The research done at the Tahoma Clinic by Drs. John Sherman and David Zeoli is one of the first to confirm that osteoarthritis is another aspect of metabolic syndrome by actually testing insulin resistance. Using other data, other researchers have published four previous research papers that have come to the same conclusion.

The first of these was published in 2007. The researchers reported that individuals with osteoarthritis and metabolic syndrome developed symptoms of osteoarthritis at an earlier age, had greater generalized disease, developed knee joint synovitis and periarthritis, and had more intensive joint pain.

In 2008, the same researchers reported that of 1,350 individuals with osteoarthritis, complete metabolic syndrome occurred in 62.5 percent. Neither group (nearly 20 percent) was found to have some but not all features of metabolic syndrome, for a total of 82.1 percent with complete or partial metabolic syndrome. These researchers also measured a marker of inflammation called C-Reactive Protein (CRP), and found that higher levels of CRP were associated with greater degrees of osteoporosis.

The 2007 and 2008 studies were done by the same group in Russia.

In 2009, two researchers examined data from the 7,714 individuals enrolled in the National health and Nutrition Examination Survey lll (NHANESlll). Of the 975 individuals who had osteoarthritis, 59 percent had metabolic syndrome, while only 23 percent of the individuals without osteoarthritis had metabolic syndrome.

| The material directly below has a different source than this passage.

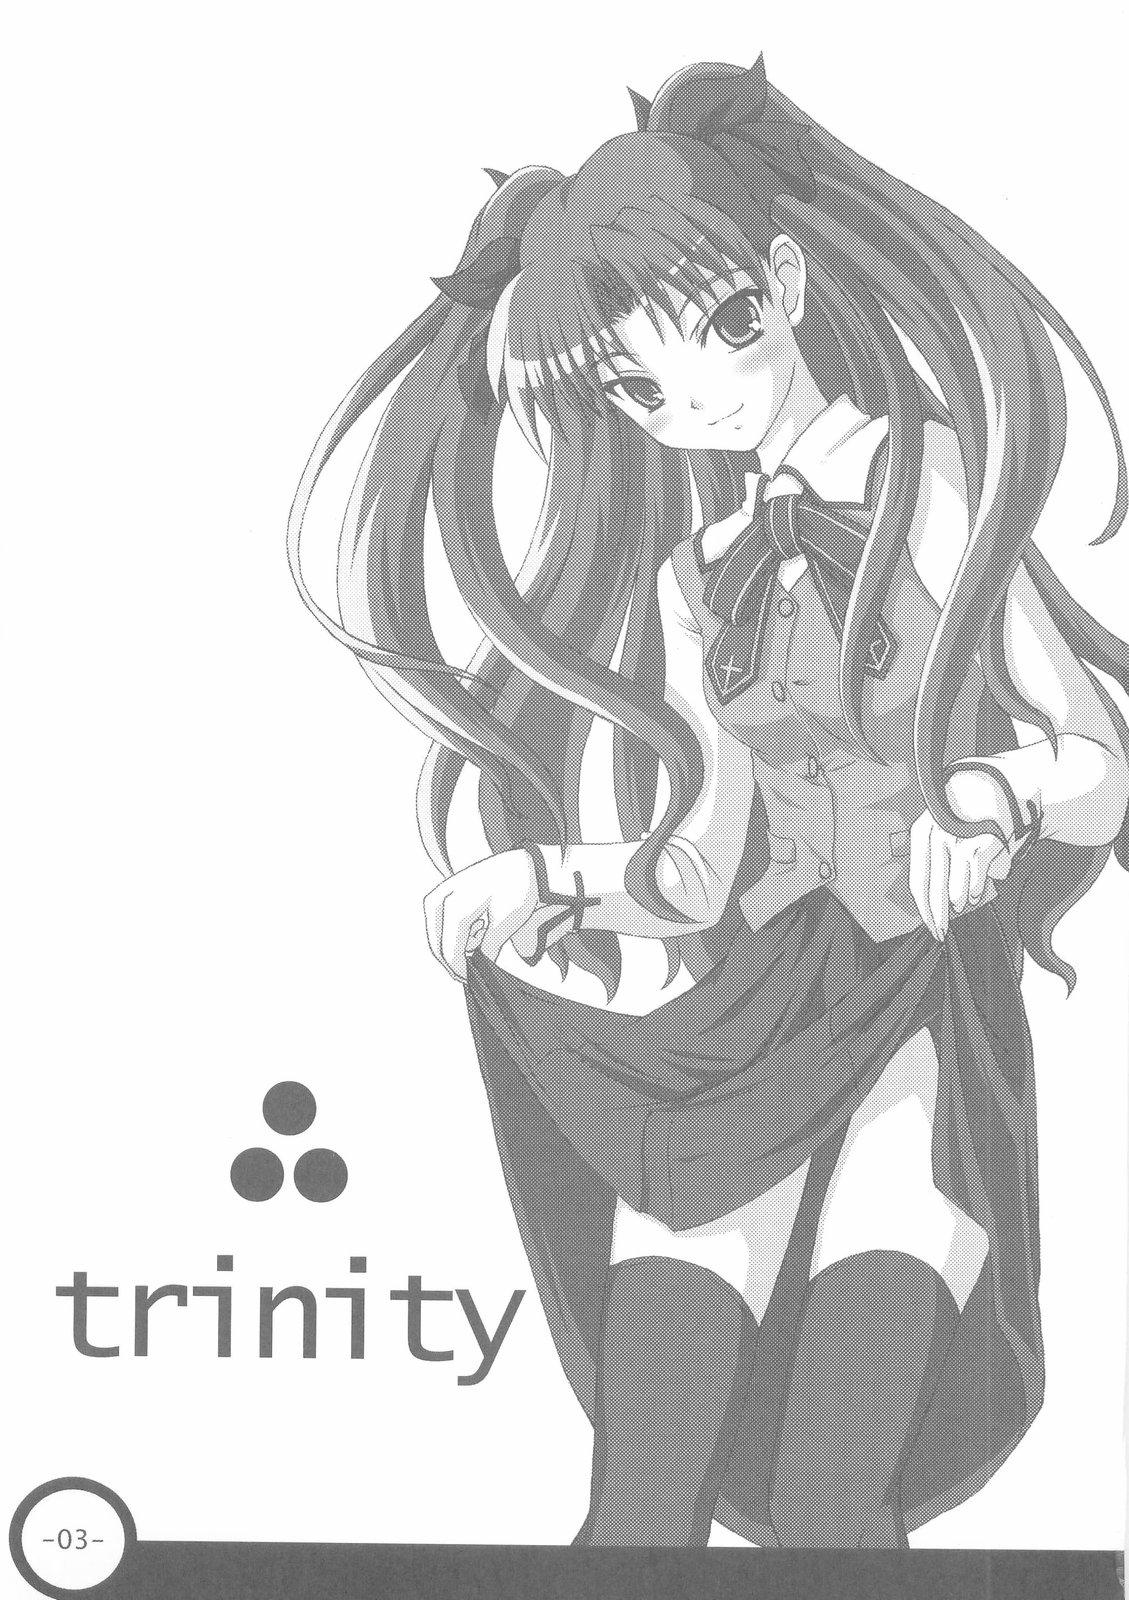 Trinity 2
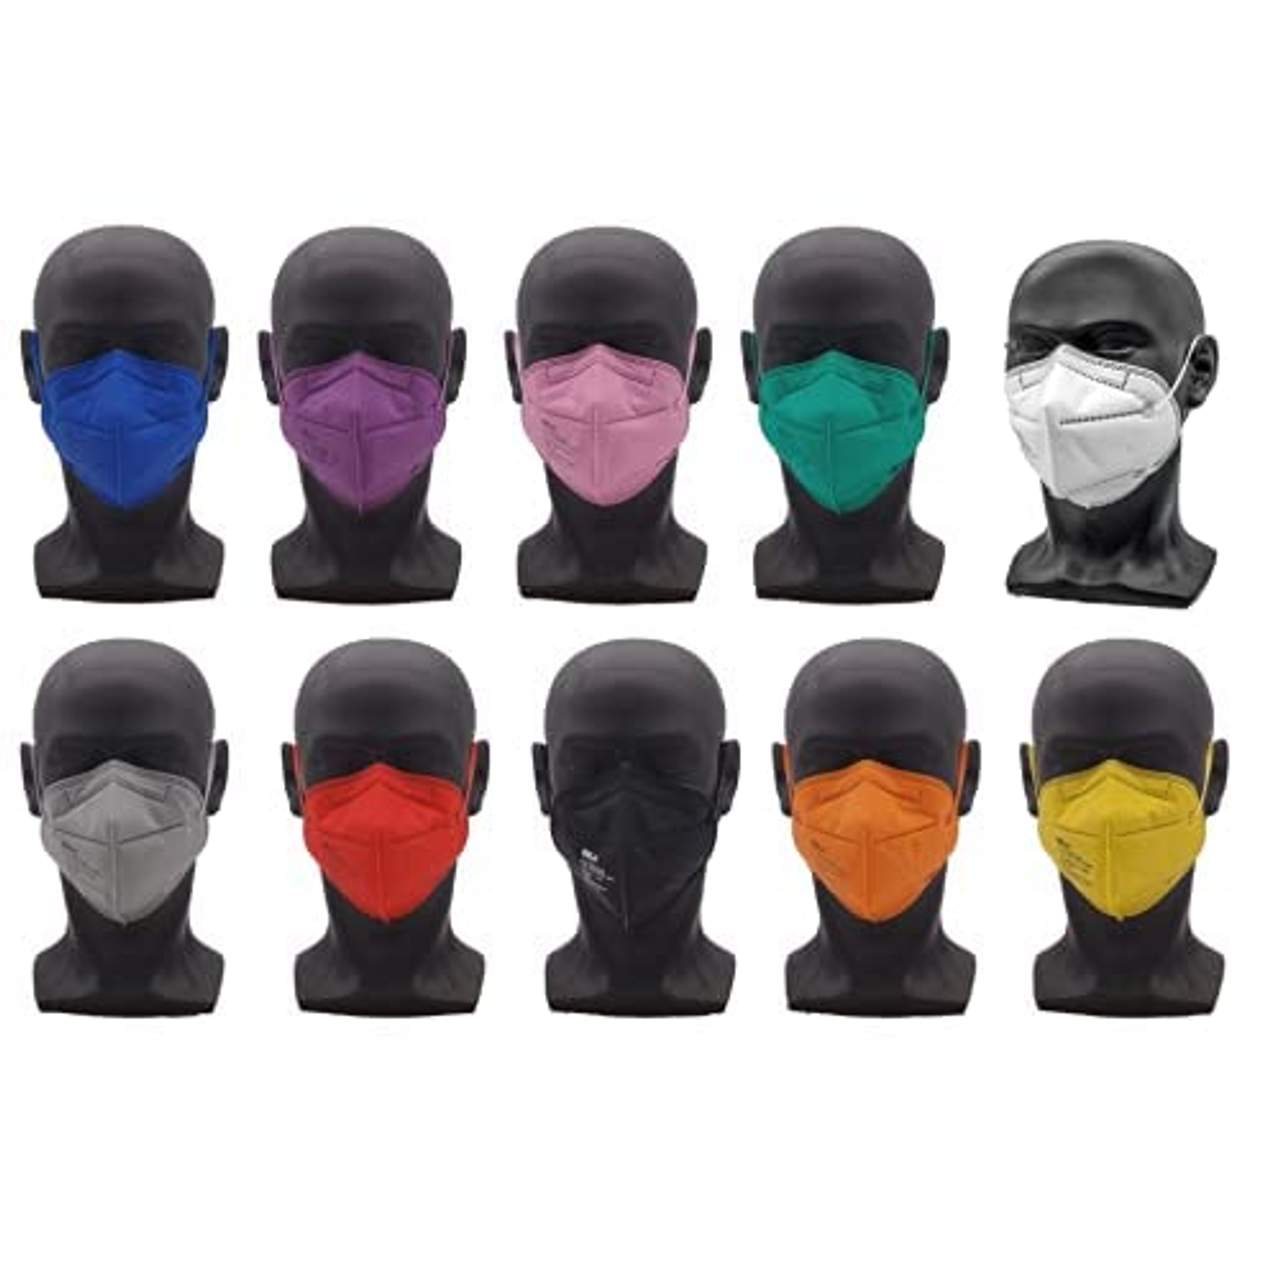 20 Bunte FFP2 Masken farbig gemischt

As I’ve observed in practice for years, they reported that the association between metabolic syndrome and osteoarthritis was stronger in younger individuals and diminished with increasing age. In their data, having osteoarthritis at 43 to 44 years of age was associated with a 500 percent increased risk of metabolic syndrome

Last year (2010), in a review article titled, “Osteoarthritis: another component of metabolic syndrome?” the researchers wrote: “There is growing evidence that osteoarthritis is not simply a disease related to aging or mechanical stress of joints but rather a metabolic disorder…”

And this year—yes, I know I’m repeating—Drs. Sherman and Zeoli have found that approximately 75 percent of osteoarthritic individuals are insulin resistant, approximately 5 percent have gone past insulin resistance to early pancreatic islet cell exhaustion (in English, the cells that make insulin are getting worn out) and ultimately type 1 diabetes, and only about 20 percent of individuals with osteoarthritis did not have insulin abnormalities.

Find out if you’re at risk

If you have osteoarthritis and type 2 diabetes in your family, you very, very likely have insulin resistance and are on the road to type 2 diabetes yourself. If you have osteoarthritis and one or more of the other features of metabolic syndrome—central obesity, high blood cholesterol and/or triglycerides, high blood pressure—my advice is the same.

Please check with a physician skilled and knowledgeable in natural and nutritional medicine, have yourself checked for insulin resistance, if only to see how bad it is and how strict you should be to reverse it. If you have osteoarthritis and none of the other features of metabolic syndrome and you’re “older” (60 and above), then maybe you’re in the less than 20 percent who do not have metabolic syndrome.

But the younger you are, if you have osteoarthritis, you’re likely to have metabolic syndrome, too. Get yourself checked, please!